Время от времени приходили письма от дяди Стефана и даже фото. Он, что называется, вышел в люди, или, как принято говорить (и сегодня тоже), выбился наверх, но что значит верх и что значит низ? Дядя Стефан, бывший подмастерье мясника, владел теперь фермой. На фото виднелись два грубо сколоченных бревенчатых дома среди голой степи без единого дерева или кустика. Прерии, ясное дело прерии, мы, дети, не сомневались, что все прерии, и те, что расстилались позади дяди на фото, тоже принадлежат дяде Стефану. На другой фотографии дядя Стефан сидел верхом на лошади. На нем была ковбойская шляпа, и он был похож на нашего отца. Он сидел очень прямо и курил длинную трубку. Лошадь дяди Стефана была «с запалом», как говорят лошадники (мое умение разбираться в лошадях выработалось рано); все понятно: огромные расстояния, ветер, прерии— дядя не мог щадить свою лошадь; но, вообще-то говоря, для меня как наездника по сю пору остается загадкой, как мог дядя скакать верхом с длинной трубкой в зубах.

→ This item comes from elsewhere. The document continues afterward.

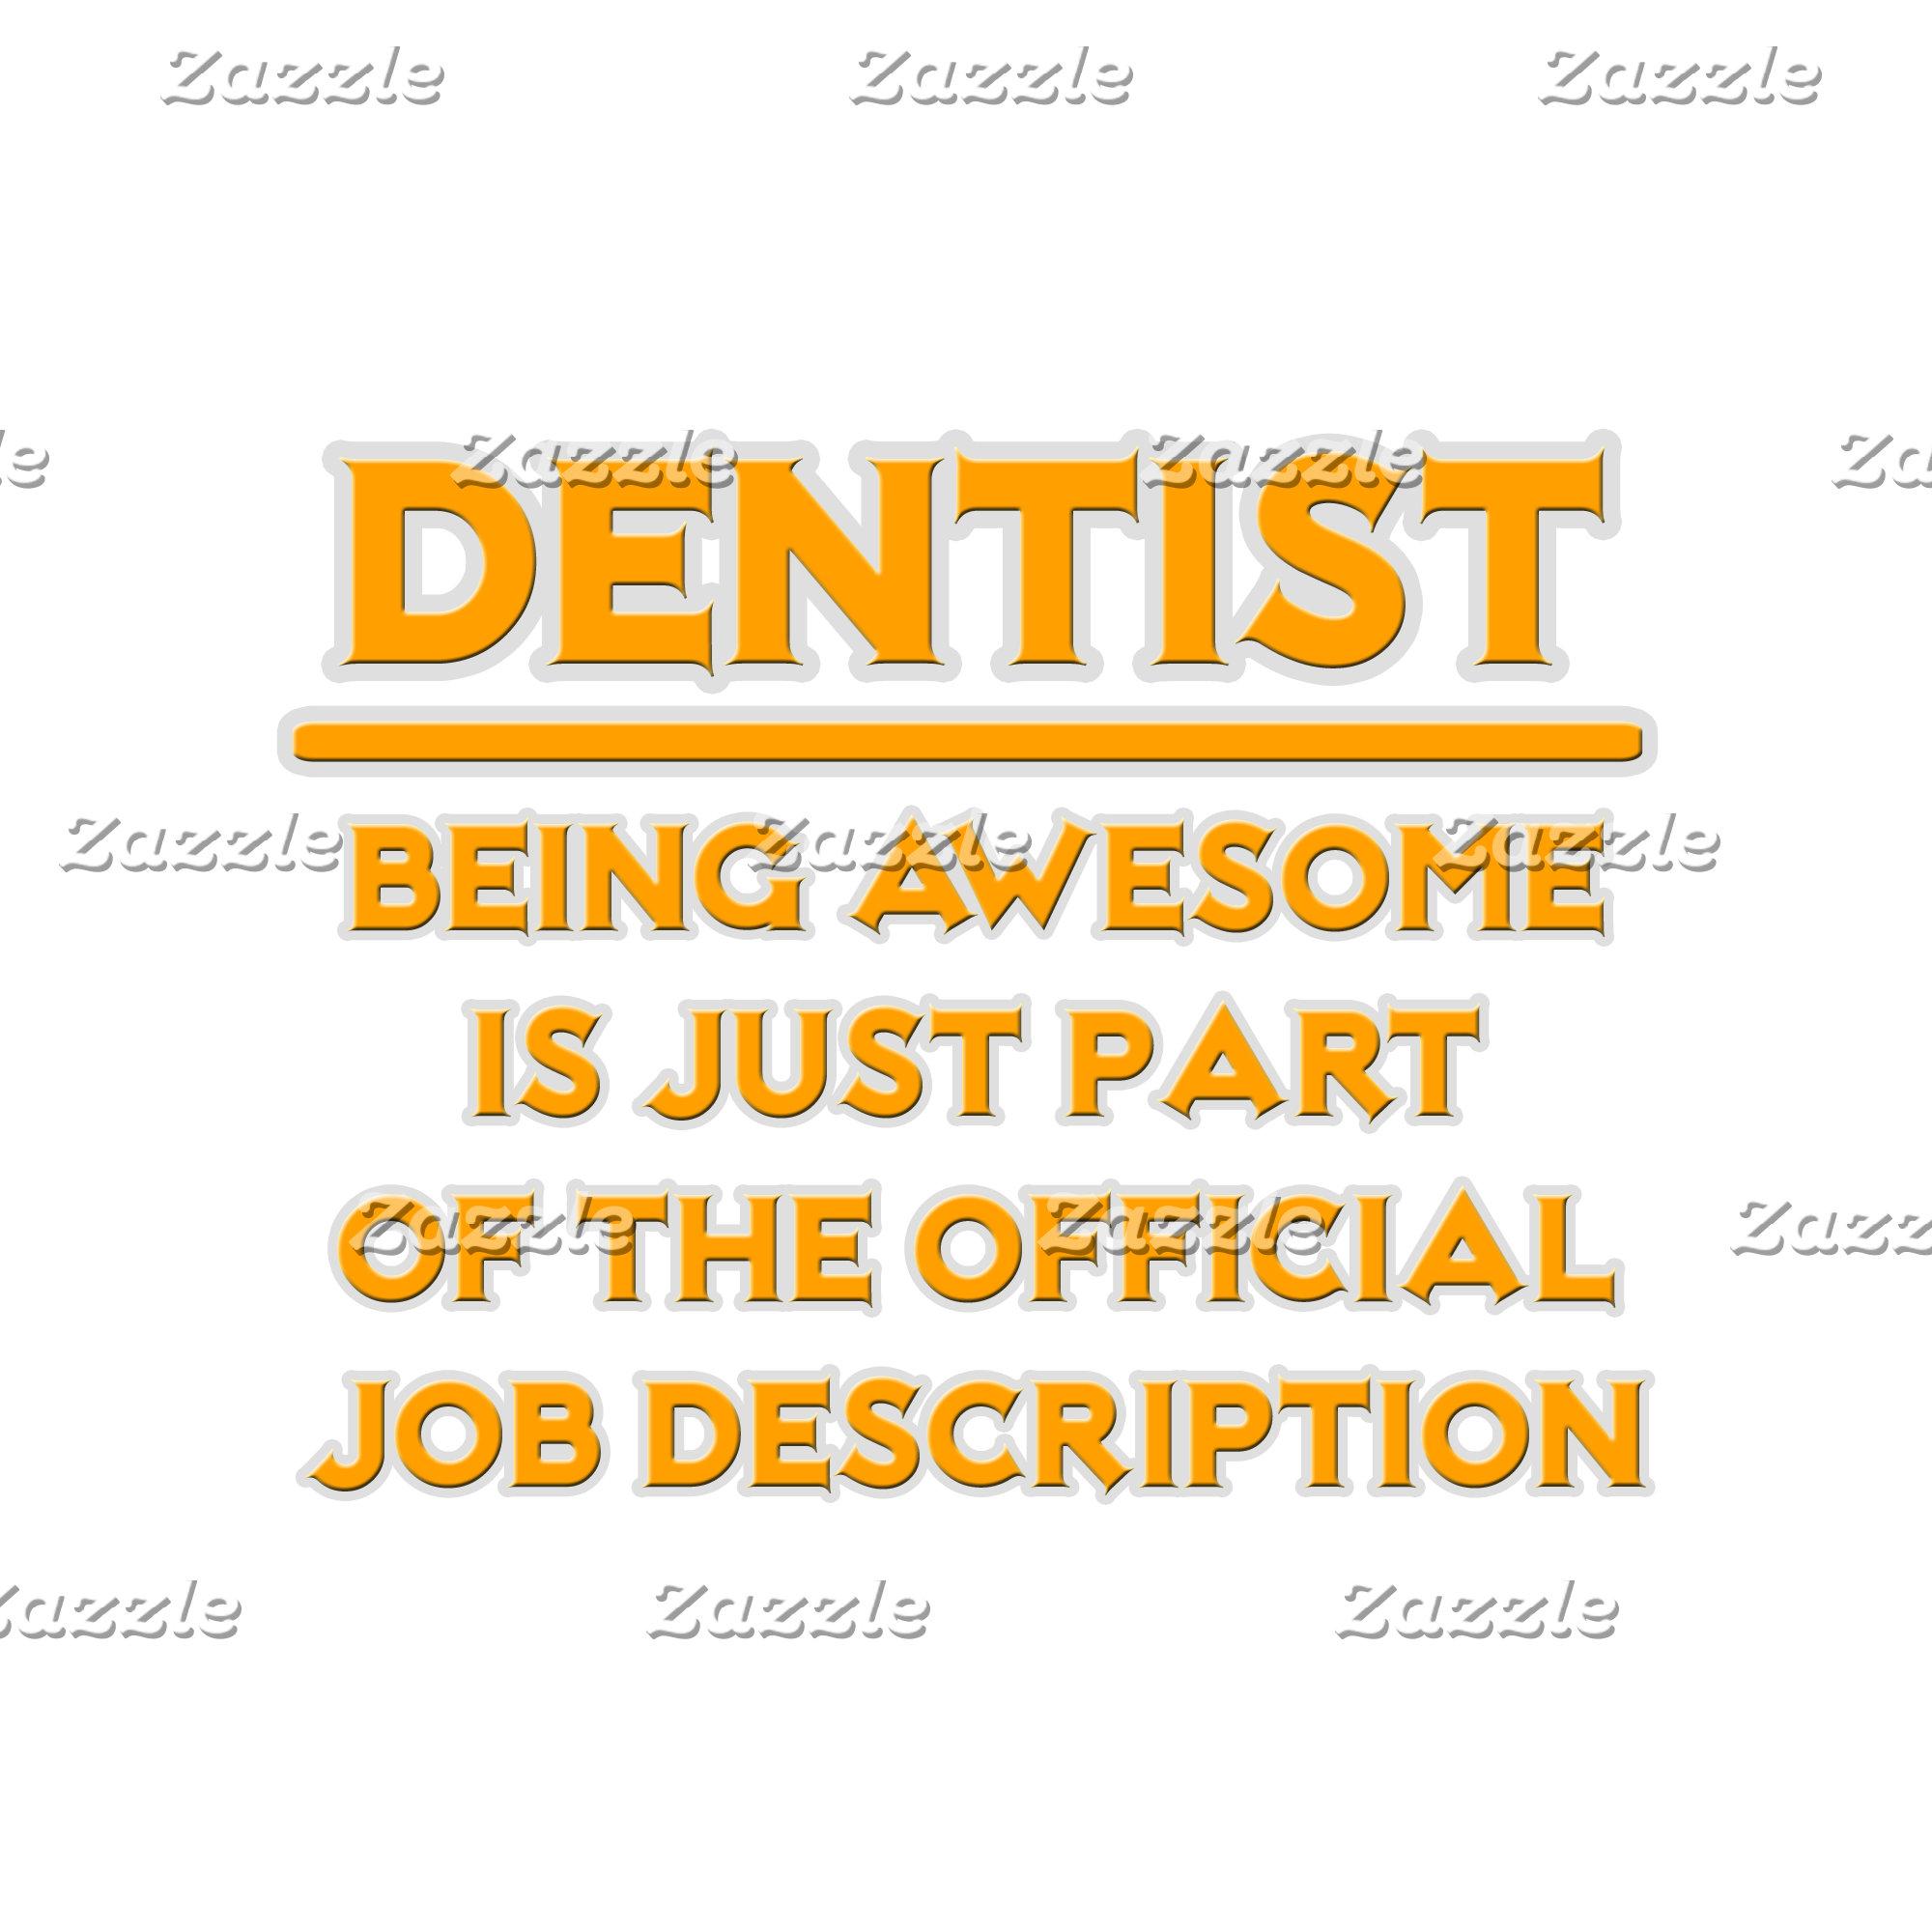 Awesome Dentist .. Official Job Description

Дядя Стефан сообщал, что женился на учительнице. Бабушка Доротея таяла от гордости. Из дальнейшего стало ясно, что учительница принесла в семью двоих детей. Бабушка Доротея вздыхала, казалось, она забыла, что сама вышла замуж с тремя детьми. Ее память вообще отличалась странными свойствами. Бабушка утверждала, например, что мы все краснокожие во искупление греха дедушки с рыжей ученицей музыкальной школы, позабыв, что сама она тоже рыжеволоса.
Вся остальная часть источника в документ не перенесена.